Interdiction de la vente des usines de semi-conducteurs allemands aux intérêts chinois : conséquence d’une guerre de l’information ou revirement stratégique ?

Le 09 novembre 2022 le gouvernement allemand a décidé d’interdire les projets de rachats de deux usines de semi-conducteurs par des intérêts chinois. Il s’agit d’une part du projet d’acquisition d’une usine du groupe Elmos Semiconductor à Dortmund par l’entreprise suédoise Silex détenue à 100% par la société chinoise Sia Microelectronics et d’autre part de l’entreprise ERS Electronic à une société chinoise dont l’identité n’a pas été révélée.

Elmos est un groupe allemand de semi-conducteurs dédiés principalement à l’automobile. En 2022, il compte 1 150 salariés et affiche un chiffre d’affaires de 322 millions d’euros en 2022. D’un montant de 85 millions d’euros, l’opération devrait permettre à la firme de recevoir d’importants transferts de technologie et des ressources importantes pour moderniser sa chaine de production. Les premières informations relayées par le quotidien allemand « Handelsblatt » le jeudi 27 octobre 2022 et reprises par plusieurs médias internationaux faisaient part d’une volonté du Gouvernement d’autoriser l’opération de rachat.

ERS Electronic produit des solutions de température "haute précision" pour les semi-conducteurs. L'entreprise est basée près de Munich et possède des succursales en Chine et aux États-Unis.

En prenant la décision de bloquer ces projets, décision d’ailleurs conforme aux recommandations des services de renseignements, le gouvernement allemand entend protéger « la souveraineté technologique et économique » du pays et renforcer la sécurité nationale. Toutefois, la décision intervient dans un contexte de tension entre la Chine et les pays de l’Occident caractérisée par une forte polémique au sein de l’opinion publique allemande sur la dépendance du pays vis-à-vis de la Chine et le durcissement des contrôles des Etats-Unis sur les exportations de semi-conducteurs vers la Chine.

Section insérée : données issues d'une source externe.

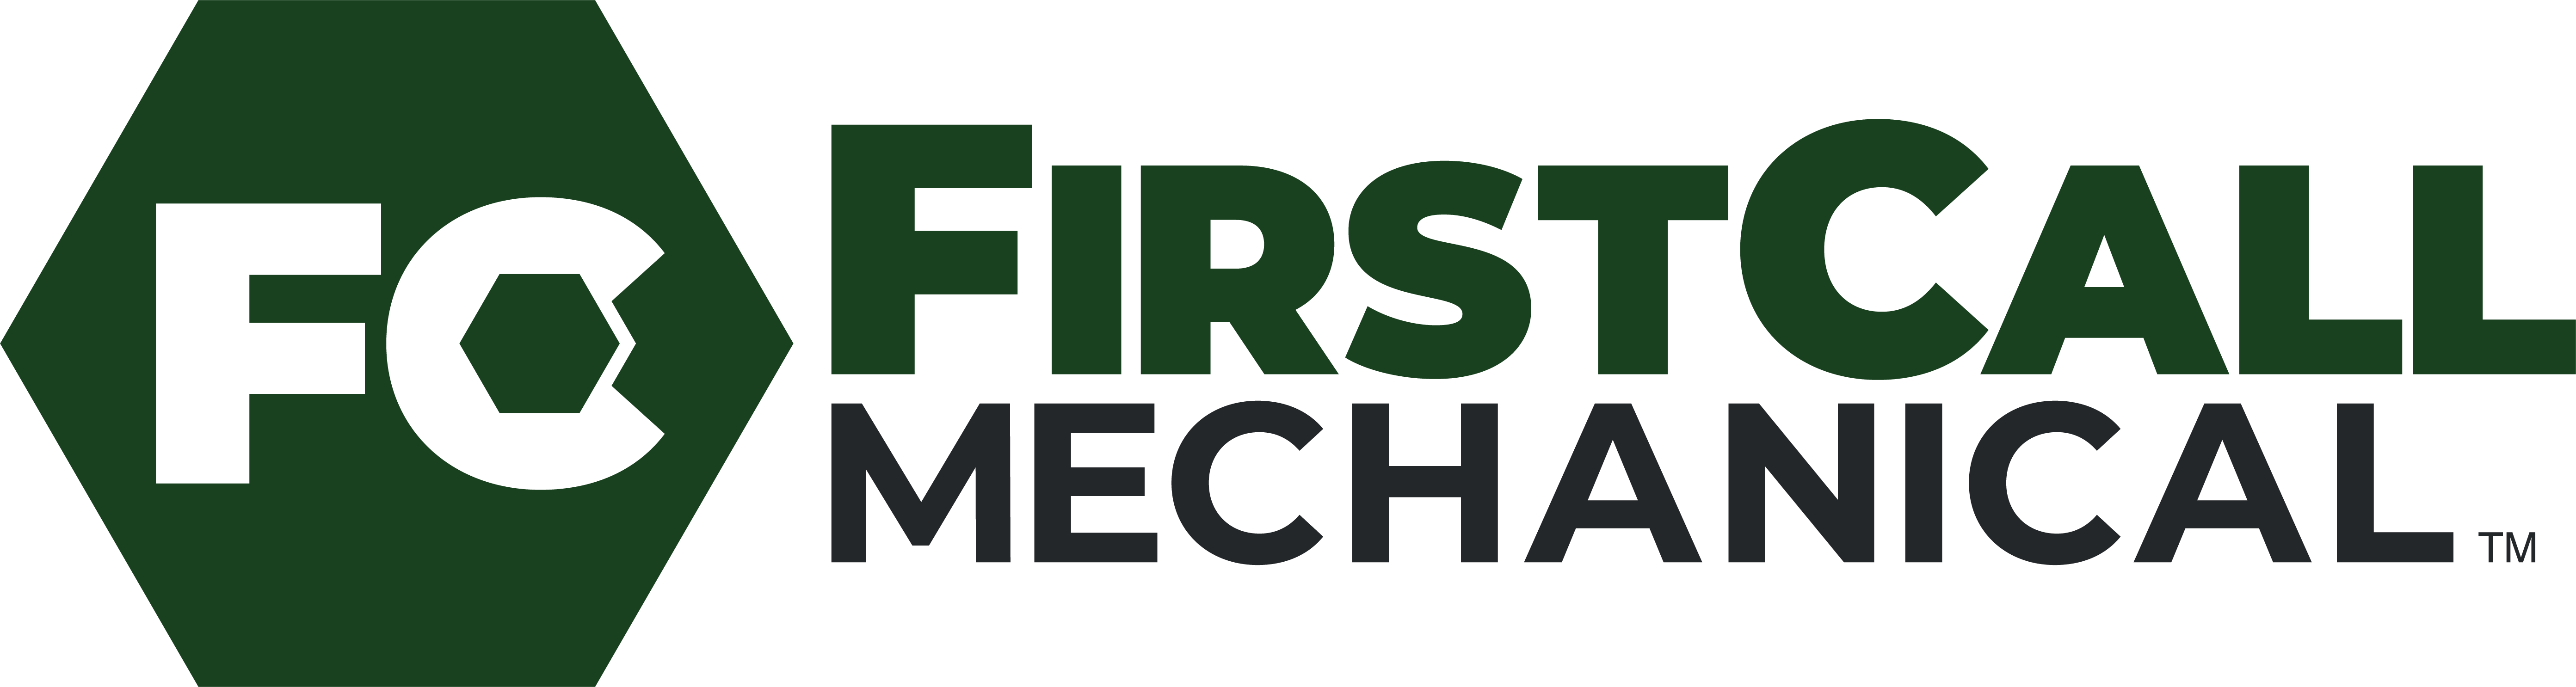 Firstcall Mechanical Group Texas, LLC Logo
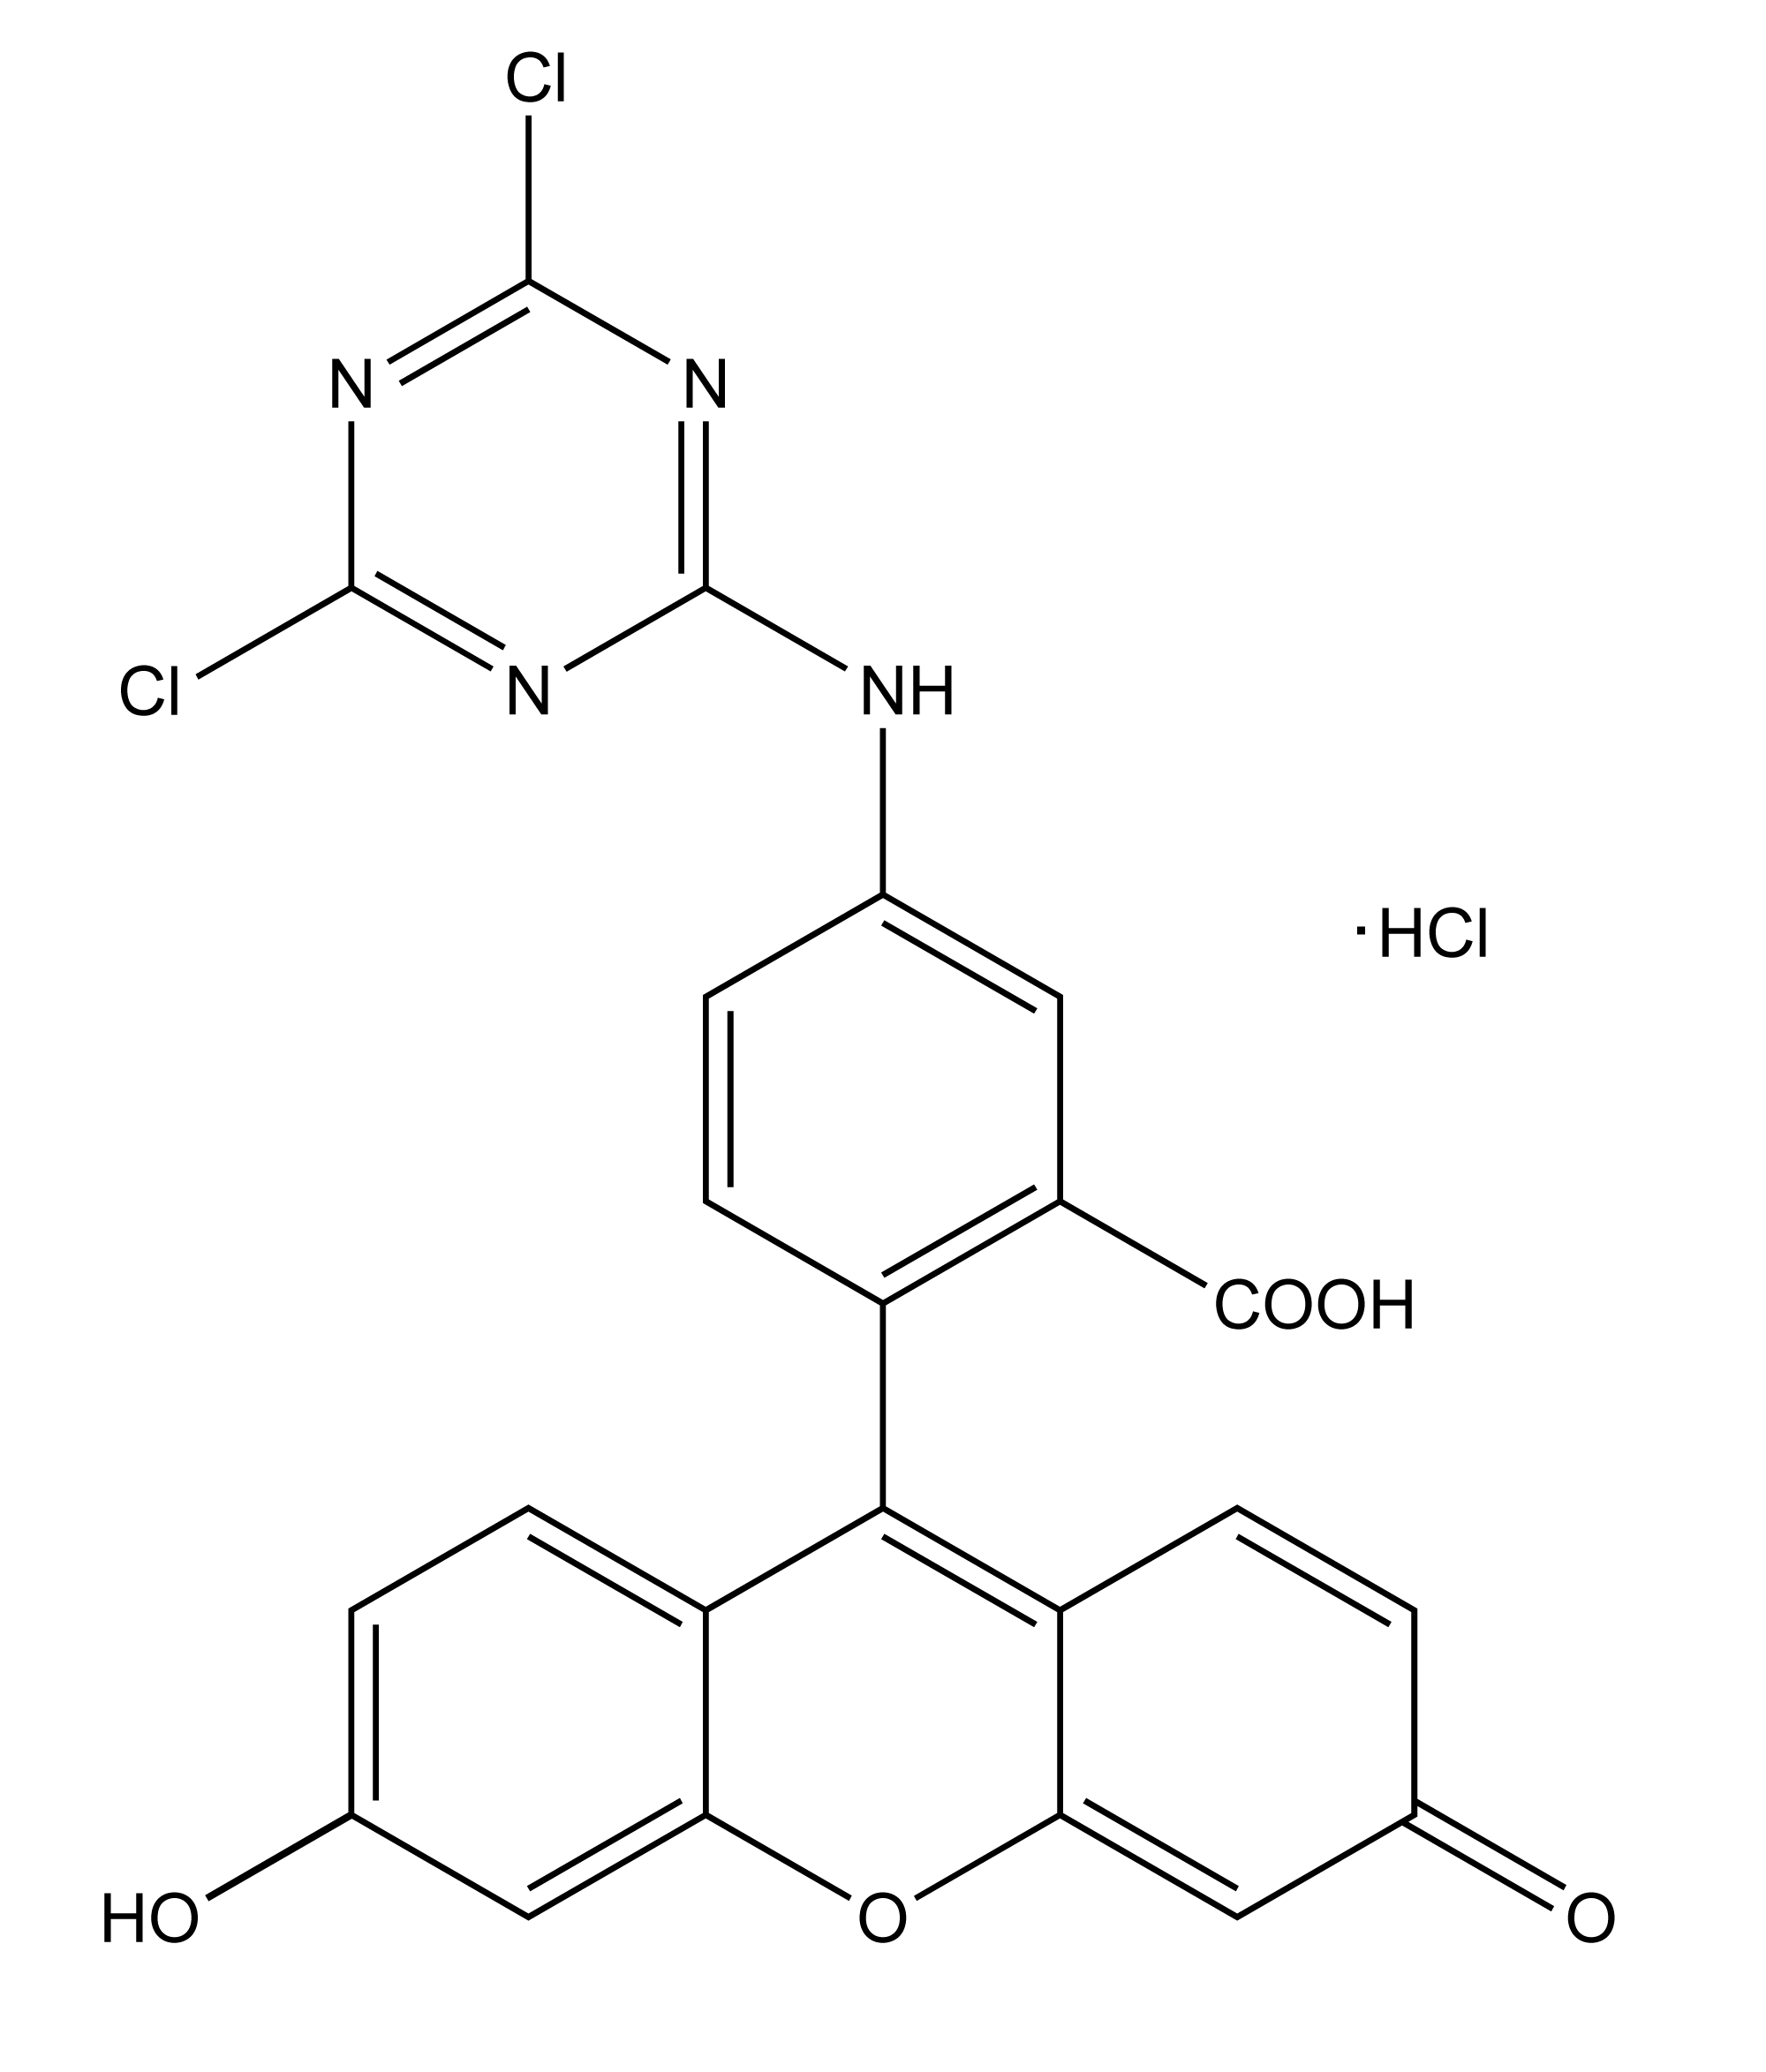 scheme:DTAF, Dichlorotriazinylaminofluorescein

Les semi-conducteurs au cœur de la guerre technologique entre les Etats-Unis et la Chine

Les semi-conducteurs représentent la base technologique indispensable de la microélectronique. Ils sont utilisés dans la fabrication de nombreux produits électroniques tels que les smartphones, ordinateurs ou voitures. Ils sont également présents dans des secteurs cruciaux que sont la défense et même la technologie aérospatiale. La chaine de valeurs des semi-conducteurs se partage entre les Etats-Unis, la Chine, la Corée du Sud, le Japon, Taïwan et l’Europe. Les Etats-Unis jouent un rôle ultra-dominant en se concentrant sur les étapes amont de la chaîne de valeur notamment la recherche-développement, la conception et la commercialisation, délaissant ainsi la production à des pays comme Taiwan. (R&D, conception, production de logiciel de design) et dans la commercialisation. La Chine quant à elle a entrepris de rattraper son retard important dans la production par un programme d’investissement massif[i] et un soutien décomplexé de l’Etat aux entreprises[ii] du secteur. En 2021, le pays a acheté pour plus de 430 milliards de dollars de semi-conducteurs, dont 36 % en provenance de Taïwan, tandis que 15,7 % seulement de sa demande a été produite sur sol chinois.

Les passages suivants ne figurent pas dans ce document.